I'll start by running a query against my round robin table:
SELECT [TotalSalesAmount] = SUM(SalesAmount) FROM dbo.FactInternetSales s INNER JOIN dbo.DimDate_RR d ON d.DateKey = s.OrderDateKey INNER JOIN dbo.DimSalesTerritory_RR t ON t.SalesTerritoryKey = s.SalesTerritoryKey WHERE d.FiscalYear = 2005 AND t.SalesTerritoryGroup = 'North America' OPTION (LABEL = 'STATEMENT:RRTableQuery');
Next, I will run the same query against my replicated table:
SELECT [TotalSalesAmount] = SUM(SalesAmount) FROM dbo.FactInternetSales s INNER JOIN dbo.DimDate_REPLICATED d ON d.DateKey = s.OrderDateKey INNER JOIN dbo.DimSalesTerritory_REPLICATED t ON t.SalesTerritoryKey = s.SalesTerritoryKey WHERE d.FiscalYear = 2005 AND t.SalesTerritoryGroup = 'North America' OPTION (LABEL = 'STATEMENT:ReplicatedTableQuery1');
Finally, I will compare the 2 queries by running this query, which uses the sys.dm_pdw_exec_requests DMV containing information about all requests currently or recently active in SQL DW, and the sys.dm_pdw_request_steps DMV, which contains information about all the steps that make up a given request or query.
SELECT step_index, operation_type FROM sys.dm_pdw_exec_requests er JOIN sys.dm_pdw_request_steps rs ON er.request_id = rs.request_id WHERE er.[label] = 'STATEMENT:RRTableQuery';
As I can see from the results, there are multiple move operations (indicating data movement) as specified by the operation type 'BroadcastMoveOperation', since DimDate_RR and DimSalesTerritory_RR use round-robin distribution.
I'll run the same query against my Replicated table next:
SELECT step_index, operation_type FROM sys.dm_pdw_exec_requests er JOIN sys.dm_pdw_request_steps rs ON er.request_id = rs.request_id WHERE er.[label] = 'STATEMENT:ReplicatedTableQuery1';
The results reveal no BroadcastMoveOperations, indicating that no more data movement.
Implementing Partitions
Partitions can have benefits to data maintenance and query performance.
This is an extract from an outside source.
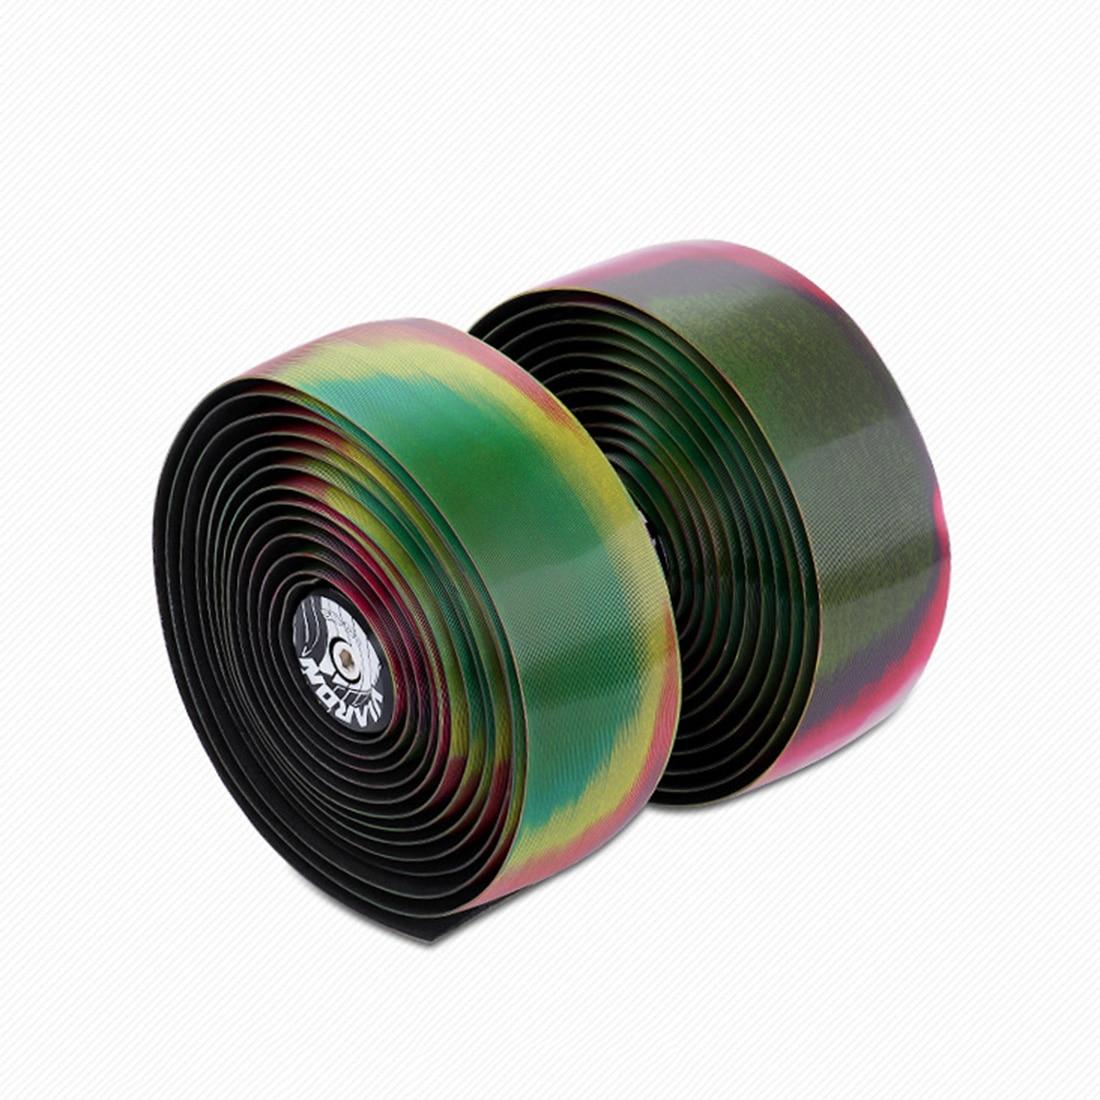 BOLAN Handlebar Bicycle 5D Rainbow Bar Tape Shock Absorption Practical
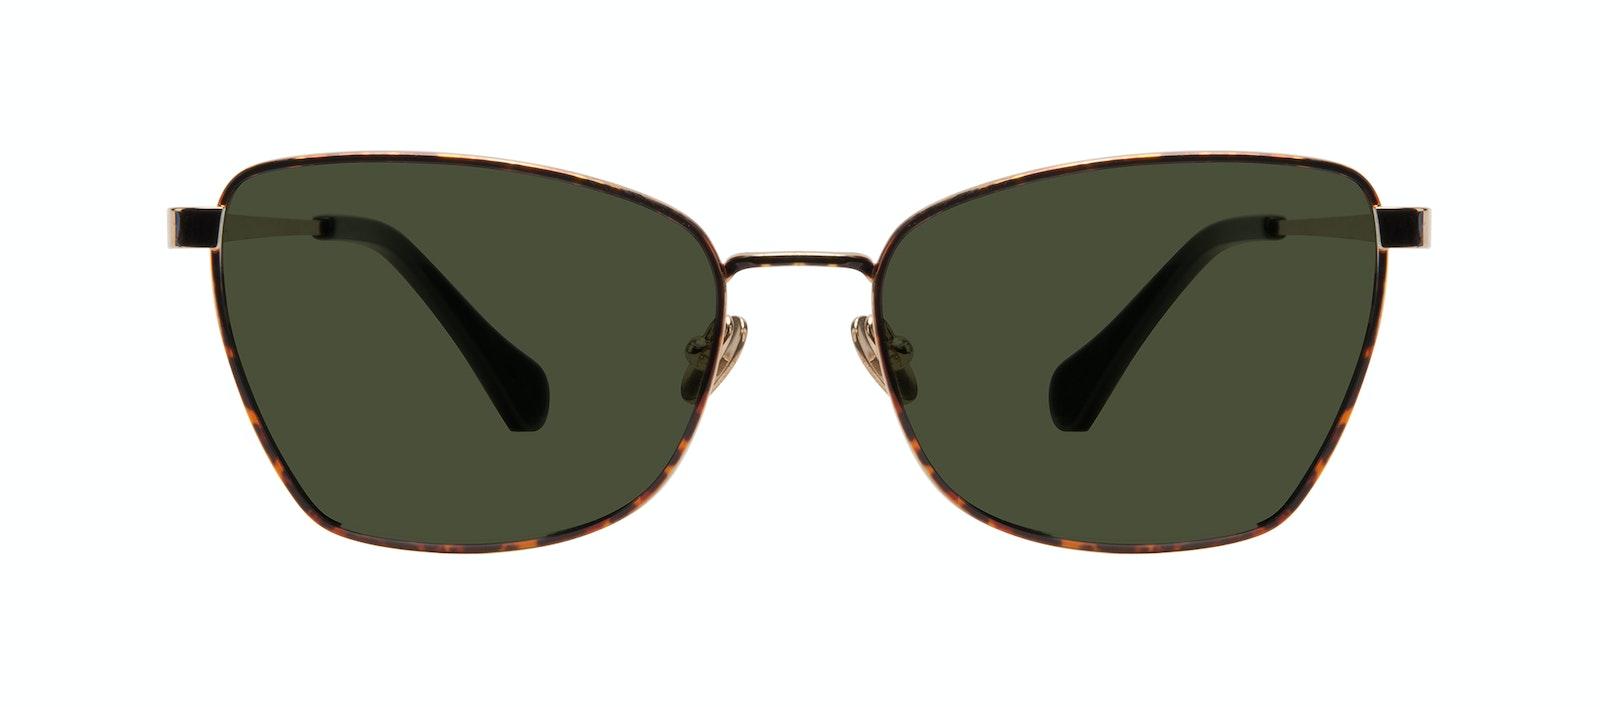 Affordable Fashion Glasses Cat Eye Sunglasses Women Fancy Gold Tort Front

It can speed up the loading and archiving of data and query performance. Additionally, it enables the query optimizer to only access relevant partitions.
To demonstrate an example of partition switching, I will start by creating an Orders table partitioned by OrderDate:
IF OBJECT_ID('dbo.OrdersPartition', 'U') IS NOT NULL
DROP TABLE dbo.OrdersPartition;
GO
CREATE TABLE OrdersPartition (
OrderID int IDENTITY(1, 1) NOT NULL,
OrderDate datetime NOT NULL,
OrderDescription char(15) DEFAULT 'NewOrder'
) WITH (
CLUSTERED COLUMNSTORE INDEX,
DISTRIBUTION = ROUND_ROBIN,
PARTITION (
OrderDate RANGE RIGHT FOR
VALUES
(
'2017-02-05T00:00:00.000', '2017-02-12T00:00:00.000',
'2017-02-19T00:00:00.000', '2017-02-26T00:00:00.000',
'2017-03-05T00:00:00.000', '2017-03-12T00:00:00.000',
'2017-03-19T00:00:00.000'
)
)
);
GO
Next, I will enter records into the partition table:
SET NOCOUNT ON DECLARE @i INT SET @i = 1 DECLARE @date DATETIME SET @date = dateadd(mi,@i,'2017-02-05') WHILE (@i <= 10) BEGIN INSERT INTO [OrdersPartition] (OrderDate) SELECT @date INSERT INTO [OrdersPartition] (OrderDate) SELECT dateadd(week,1,@date) INSERT INTO [OrdersPartition] (OrderDate) SELECT dateadd(week,2,@date) INSERT INTO [OrdersPartition] (OrderDate) SELECT dateadd(week,3,@date) INSERT INTO [OrdersPartition] (OrderDate) SELECT dateadd(week,4,@date) INSERT INTO [OrdersPartition] (OrderDate) SELECT dateadd(week,5,@date) SET @i = @i+1; END
The following query will show the number of rows in each of the partitions that were created.
SELECT
o.name AS Table_name,
pnp.partition_number AS Partition_number,
sum(pnp.rows) AS Row_count
FROM
sys.pdw_nodes_partitions AS pnp
JOIN sys.pdw_nodes_tables AS NTables ON pnp.object_id = NTables.object_id
AND pnp.pdw_node_id = NTables.pdw_node_id
JOIN sys.pdw_table_mappings AS TMap ON NTables.name = TMap.physical_name
AND substring(TMap.physical_name, 40, 10) = pnp.distribution_id
JOIN sys.objects AS o ON TMap.object_id = o.object_id
WHERE
o.name in ('OrdersPartition')
GROUP BY
partition_number,
o.name,
pnp.data_compression_desc;
Next, I will create a table called Orders_Staging which will be used to switch data out of a partition in the production OrdersPartition table.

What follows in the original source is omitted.